### TRY IT
Below is a listing; repeat exactly the lines from the one containing "Jesu wird geboren, Bilderbuch, Dieter Konsek" to the one containing "Mieszkanie nr 37", both included.
· · · · ·
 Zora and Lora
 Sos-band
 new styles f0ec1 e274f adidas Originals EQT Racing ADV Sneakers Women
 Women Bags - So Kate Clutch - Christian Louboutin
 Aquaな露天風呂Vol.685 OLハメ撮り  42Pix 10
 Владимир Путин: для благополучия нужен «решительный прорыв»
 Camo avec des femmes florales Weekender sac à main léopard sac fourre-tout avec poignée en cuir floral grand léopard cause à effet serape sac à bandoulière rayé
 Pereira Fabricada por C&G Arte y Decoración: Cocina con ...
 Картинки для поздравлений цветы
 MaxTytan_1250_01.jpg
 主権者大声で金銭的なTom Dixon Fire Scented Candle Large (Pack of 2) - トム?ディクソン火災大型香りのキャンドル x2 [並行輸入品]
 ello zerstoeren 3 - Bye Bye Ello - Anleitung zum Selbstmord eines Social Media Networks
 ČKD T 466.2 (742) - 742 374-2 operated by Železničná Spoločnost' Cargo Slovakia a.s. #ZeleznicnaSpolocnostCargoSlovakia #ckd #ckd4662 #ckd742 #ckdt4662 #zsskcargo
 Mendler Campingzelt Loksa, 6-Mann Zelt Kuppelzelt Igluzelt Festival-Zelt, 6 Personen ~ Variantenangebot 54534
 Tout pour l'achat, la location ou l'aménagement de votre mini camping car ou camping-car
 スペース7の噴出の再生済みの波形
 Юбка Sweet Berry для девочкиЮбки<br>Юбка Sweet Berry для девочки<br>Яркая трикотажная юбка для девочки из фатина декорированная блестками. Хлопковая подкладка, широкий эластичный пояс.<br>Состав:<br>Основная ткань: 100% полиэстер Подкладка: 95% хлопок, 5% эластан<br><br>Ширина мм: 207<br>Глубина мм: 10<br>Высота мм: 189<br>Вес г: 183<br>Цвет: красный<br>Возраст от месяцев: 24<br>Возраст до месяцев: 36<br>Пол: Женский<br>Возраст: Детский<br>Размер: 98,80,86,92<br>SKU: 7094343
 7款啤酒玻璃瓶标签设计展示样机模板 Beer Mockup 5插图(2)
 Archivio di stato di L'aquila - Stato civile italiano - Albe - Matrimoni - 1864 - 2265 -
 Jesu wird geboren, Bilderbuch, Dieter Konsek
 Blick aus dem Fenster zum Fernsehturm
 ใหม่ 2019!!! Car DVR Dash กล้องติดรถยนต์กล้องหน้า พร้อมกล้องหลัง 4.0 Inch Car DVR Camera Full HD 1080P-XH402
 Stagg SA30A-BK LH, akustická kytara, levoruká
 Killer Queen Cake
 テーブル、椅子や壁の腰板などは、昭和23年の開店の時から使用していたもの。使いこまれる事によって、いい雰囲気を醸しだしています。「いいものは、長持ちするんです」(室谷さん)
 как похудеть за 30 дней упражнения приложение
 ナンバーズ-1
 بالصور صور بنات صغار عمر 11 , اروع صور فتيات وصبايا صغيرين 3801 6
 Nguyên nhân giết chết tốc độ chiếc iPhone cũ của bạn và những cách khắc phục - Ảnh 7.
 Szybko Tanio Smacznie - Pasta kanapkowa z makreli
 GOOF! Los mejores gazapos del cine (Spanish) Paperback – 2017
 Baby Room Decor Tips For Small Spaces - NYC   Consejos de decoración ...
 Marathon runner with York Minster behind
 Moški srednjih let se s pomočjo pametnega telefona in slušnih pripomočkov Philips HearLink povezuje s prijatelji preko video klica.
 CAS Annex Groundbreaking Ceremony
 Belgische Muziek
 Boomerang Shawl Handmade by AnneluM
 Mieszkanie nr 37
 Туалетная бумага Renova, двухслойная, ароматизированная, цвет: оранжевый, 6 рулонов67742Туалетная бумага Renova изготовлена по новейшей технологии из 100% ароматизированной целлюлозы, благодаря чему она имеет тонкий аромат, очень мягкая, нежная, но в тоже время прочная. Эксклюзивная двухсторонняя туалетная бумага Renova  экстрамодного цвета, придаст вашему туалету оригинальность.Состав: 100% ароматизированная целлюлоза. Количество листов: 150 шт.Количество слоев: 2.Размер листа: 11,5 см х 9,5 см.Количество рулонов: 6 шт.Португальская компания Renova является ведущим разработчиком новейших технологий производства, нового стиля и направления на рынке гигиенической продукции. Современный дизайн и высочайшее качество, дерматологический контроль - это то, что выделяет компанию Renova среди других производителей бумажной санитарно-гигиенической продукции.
· · · · ·
### ANSWER TO THE PROBLEM
 Jesu wird geboren, Bilderbuch, Dieter Konsek
 Blick aus dem Fenster zum Fernsehturm
 ใหม่ 2019!!! Car DVR Dash กล้องติดรถยนต์กล้องหน้า พร้อมกล้องหลัง 4.0 Inch Car DVR Camera Full HD 1080P-XH402
 Stagg SA30A-BK LH, akustická kytara, levoruká
 Killer Queen Cake
 テーブル、椅子や壁の腰板などは、昭和23年の開店の時から使用していたもの。使いこまれる事によって、いい雰囲気を醸しだしています。「いいものは、長持ちするんです」(室谷さん)
 как похудеть за 30 дней упражнения приложение
 ナンバーズ-1
 بالصور صور بنات صغار عمر 11 , اروع صور فتيات وصبايا صغيرين 3801 6
 Nguyên nhân giết chết tốc độ chiếc iPhone cũ của bạn và những cách khắc phục - Ảnh 7.
 Szybko Tanio Smacznie - Pasta kanapkowa z makreli
 GOOF! Los mejores gazapos del cine (Spanish) Paperback – 2017
 Baby Room Decor Tips For Small Spaces - NYC   Consejos de decoración ...
 Marathon runner with York Minster behind
 Moški srednjih let se s pomočjo pametnega telefona in slušnih pripomočkov Philips HearLink povezuje s prijatelji preko video klica.
 CAS Annex Groundbreaking Ceremony
 Belgische Muziek
 Boomerang Shawl Handmade by AnneluM
 Mieszkanie nr 37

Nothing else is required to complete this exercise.